Through a Steerable Lens: Magnifying Neural Network Interpretability via Phase-Based Extrapolation (2506.02300v3)

Published 2 Jun 2025 in cs.LG

Abstract: Understanding the internal representations and decision mechanisms of deep neural networks remains a critical open challenge. While existing interpretability methods often identify influential input regions, they may not elucidate how a model distinguishes between classes or what specific changes would transition an input from one category to another. To address these limitations, we propose a novel framework that visualizes the implicit path between classes by treating the network gradient as a form of infinitesimal motion. Drawing inspiration from phase-based motion magnification, we first decompose images using invertible transforms-specifically the Complex Steerable Pyramid-then compute class-conditional gradients in the transformed space. Rather than iteratively integrating the gradient to trace a full path, we amplify the one-step gradient to the input and perform a linear extrapolation to expose how the model moves from source to target class. By operating in the steerable pyramid domain, these amplified gradients produce semantically meaningful, spatially coherent morphs that highlight the classifier's most sensitive directions, giving insight into the geometry of its decision boundaries. Experiments on both synthetic and real-world datasets demonstrate that our phase-focused extrapolation yields perceptually aligned, semantically meaningful transformations, offering a novel, interpretable lens into neural classifiers' internal representations.

Summary

The paper introduces a phase-based gradient extrapolation method that visualizes class transitions by leveraging steerable decompositions.
It employs Complex Steerable Pyramid decomposition and Wirtinger calculus to compute and amplify model sensitivity gradients.
Experimental results on MNIST and facial data illustrate coherent morphing between classes, enhancing interpretability.
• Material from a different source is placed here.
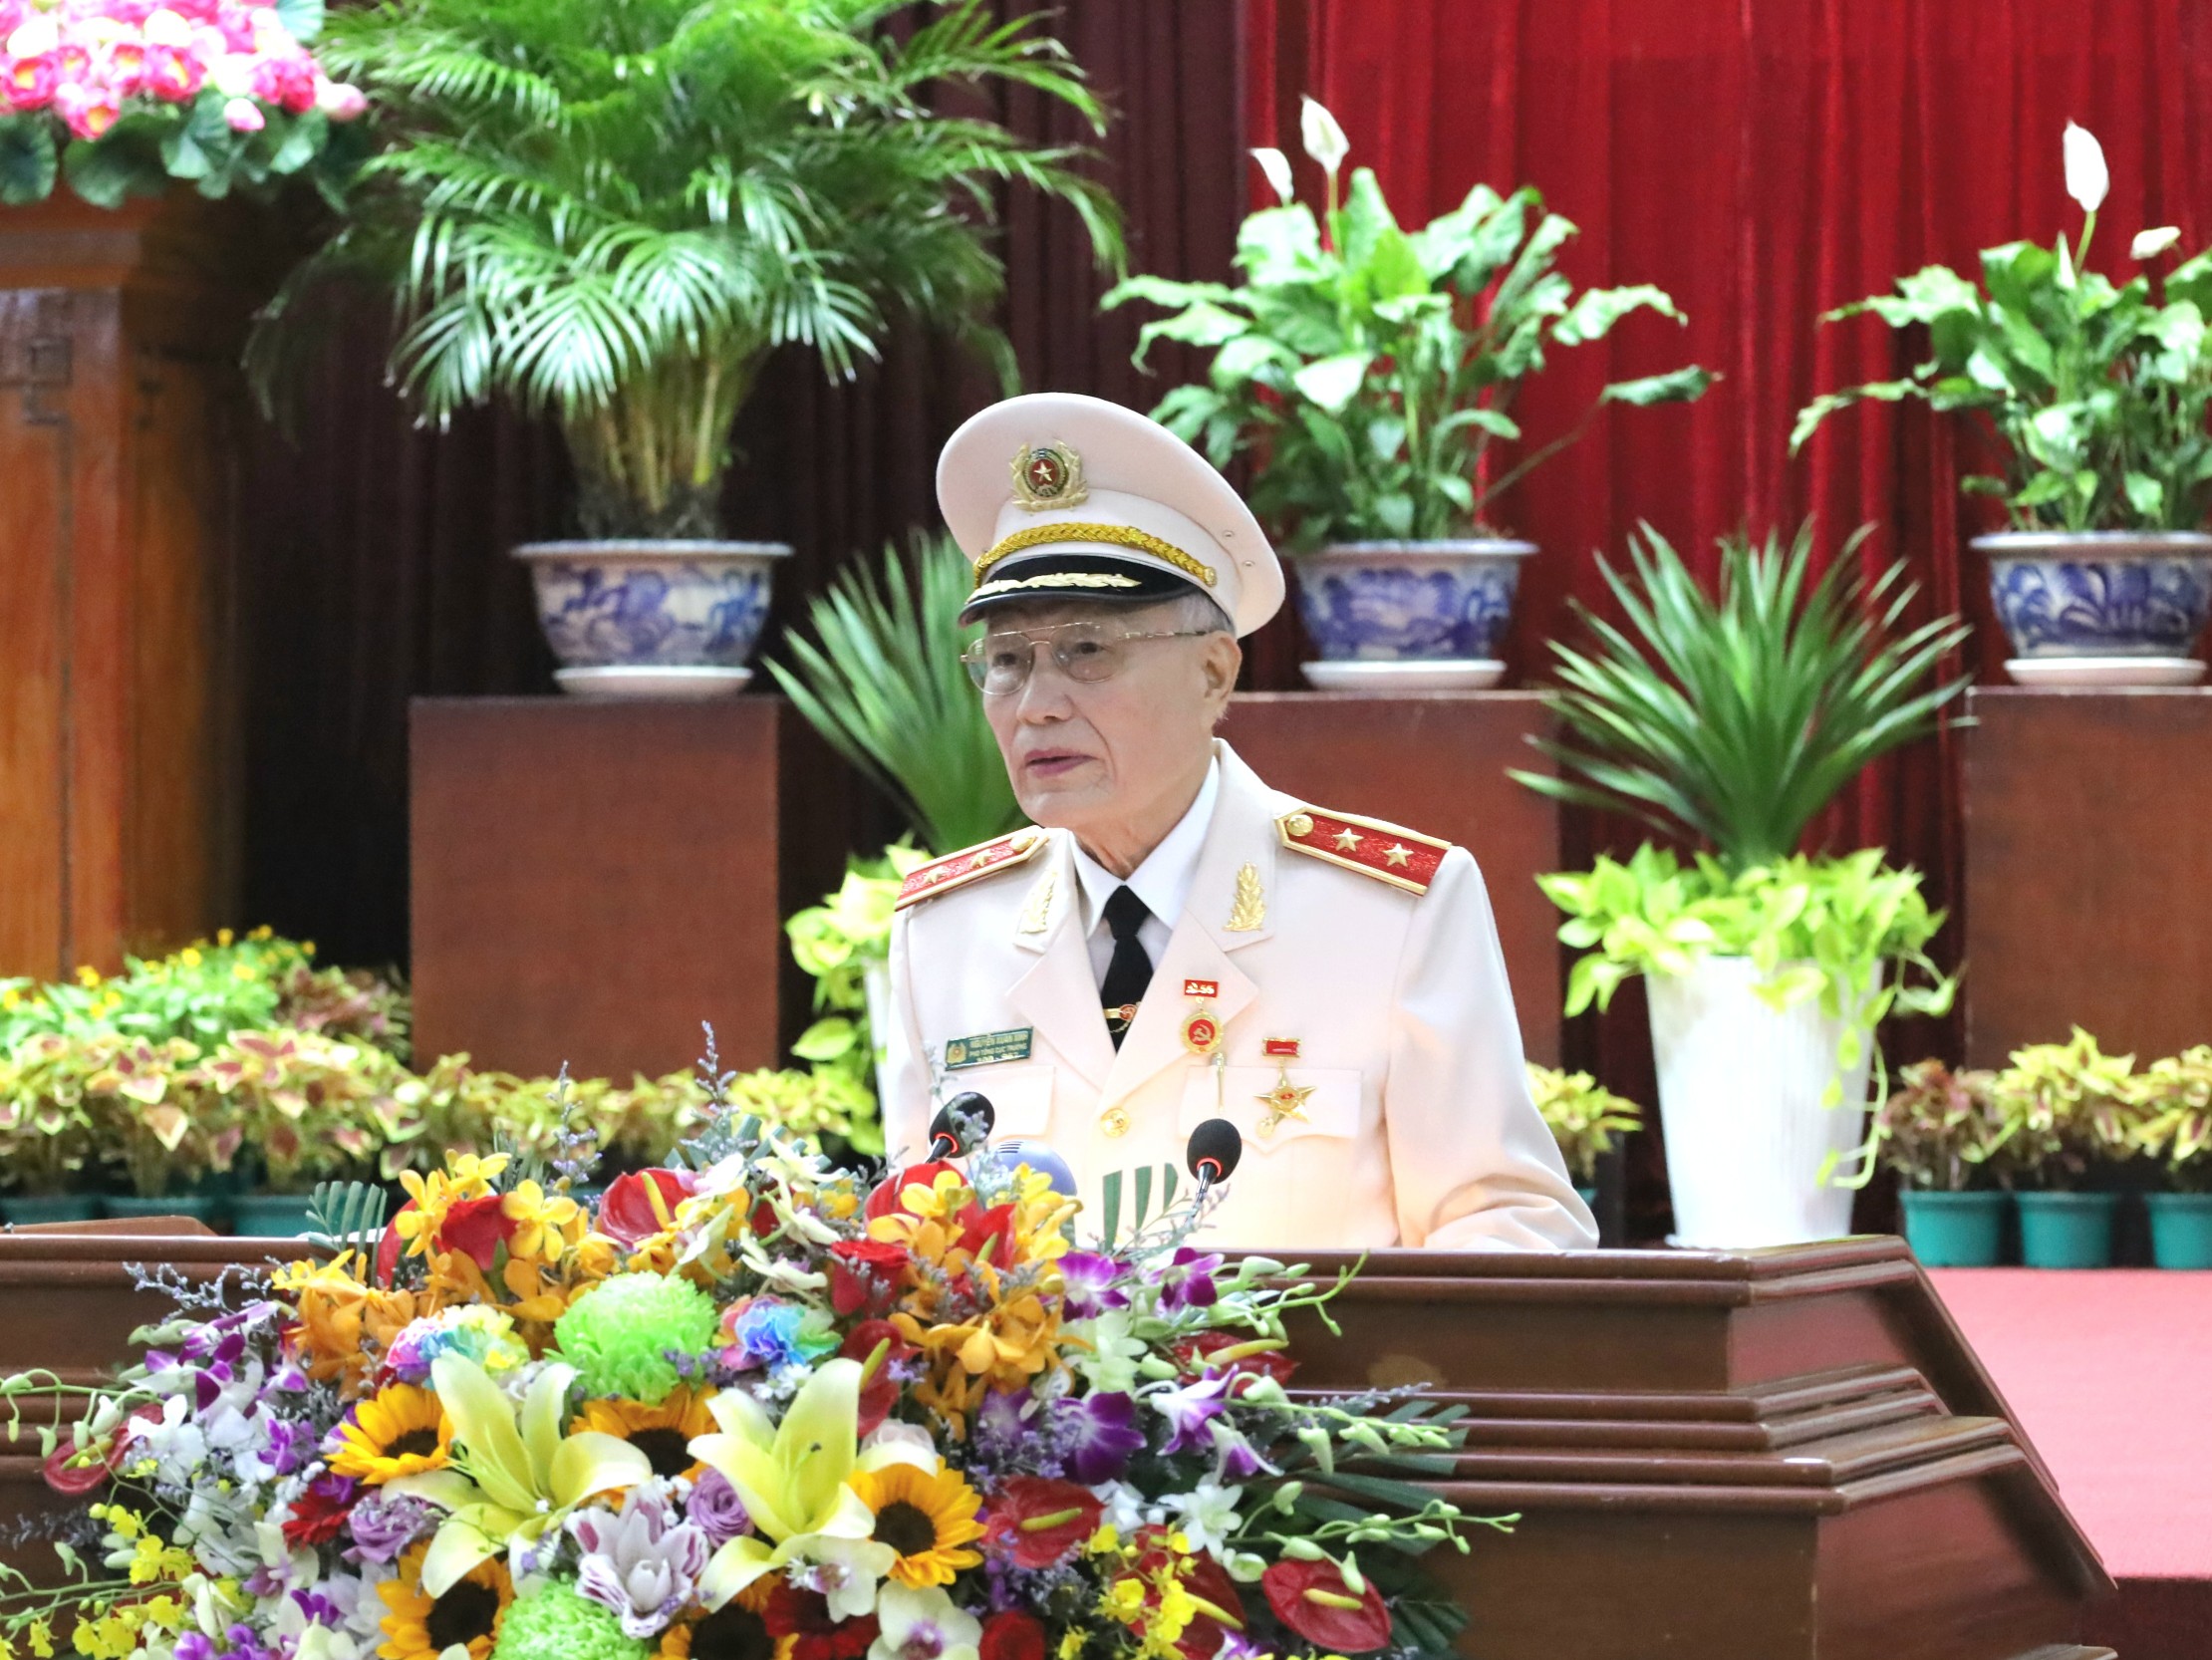 Trung tướng Nguyễn Xuân Xinh - Anh hùng lực lượng vũ trang nhân dân, nguyên Phó Tổng Cục trưởng Tổng cục Tình báo, Bộ Công an phát biểu tại buổi họp mặt.

Through a Steerable Lens: Magnifying Neural Network Interpretability via Phase-Based Extrapolation

The paper "Through a Steerable Lens: Magnifying Neural Network Interpretability via Phase-Based Extrapolation" introduces a novel approach to enhancing the interpretability of neural networks. It proposes a framework leveraging phase-based extrapolation to visualize the implicit paths neural networks perceive between different classes.

Summary of Contributions

The research addresses a significant gap in existing interpretability methods that often highlight influential input regions without elucidating how models distinguish between classes. The authors propose a method that treats the network gradient as an infinitesimal motion, inspired by phase-based motion magnification techniques. By decomposing images using invertible transforms, specifically the Complex Steerable Pyramid (CSP), the framework calculates class-conditional gradients in the transformed space. Subsequently, the method amplifies these gradients to reveal the model's internal transition paths between classes.

Key contributions of this framework include:

A novel extrapolation-based method for visualizing neural network sensitivities using transformed amplitude-phase spaces.
Demonstration of semantically meaningful morphing sequences by extrapolating phase components.
Implementation of Wirtinger calculus for manipulating complex coefficients in transformed domains.
Empirical validation through experiments on synthetic and real-world datasets, showing perceptually aligned transformations.

Technical Approach

The research introduces a steered approach, utilizing the CSP decomposition, to decipher neural network decision boundaries. The CSP allows decomposition into amplitude (feature strength) and phase (feature position) components, affording a more structured manipulation space than pixel-based or purely frequency domain approaches. Gradient extrapolation is performed primarily on the phase to articulate the model's perceived transitions between source and target classes.

By employing Wirtinger calculus, the authors calculate gradients concerning complex-valued variables, thereby facilitating a principled analysis in amplitude-phase spaces. This mathematical formulation enables linear phase extrapolation without altering amplitude, ensuring transformations retain their visual integrity while highlighting decision-direction sensitivity.

Experimental Findings

The method is applied to several datasets, including a synthetic arcade dataset, MNIST, and facial expression data from FER2013. The results demonstrate coherent and meaningful morphing paths between classes, revealing insights into the neural network's decision-making process. For example, in the MNIST digit transformations, the approach reveals intuitive morphs (e.g., transforming '3' into '8' by closing off loops), indicating how models internally encode class distinctions.

Implications and Future Directions

The research presents both theoretical and practical implications for advancing interpretability in neural networks. By illuminating the decision processes underlying class transitions, this method provides a dynamic alternative to static saliency maps or adversarial perturbations. The extrapolation framework suggests that visualizing decision boundaries in structured transform spaces can yield intuitive insights aligned with human perception.

Potential future directions include exploring adaptive gradient steps, alternative decomposition transformations, and quantitative metrics for evaluating trajectory quality. Furthermore, extending this approach to generative models or regression contexts could broaden its applicability in understanding complex AI systems.

In conclusion, the paper offers a compelling framework to improve neural network interpretability through phase-based gradient extrapolation in structured transform domains, paving the way for deeper insights into complex decision-making processes in AI systems.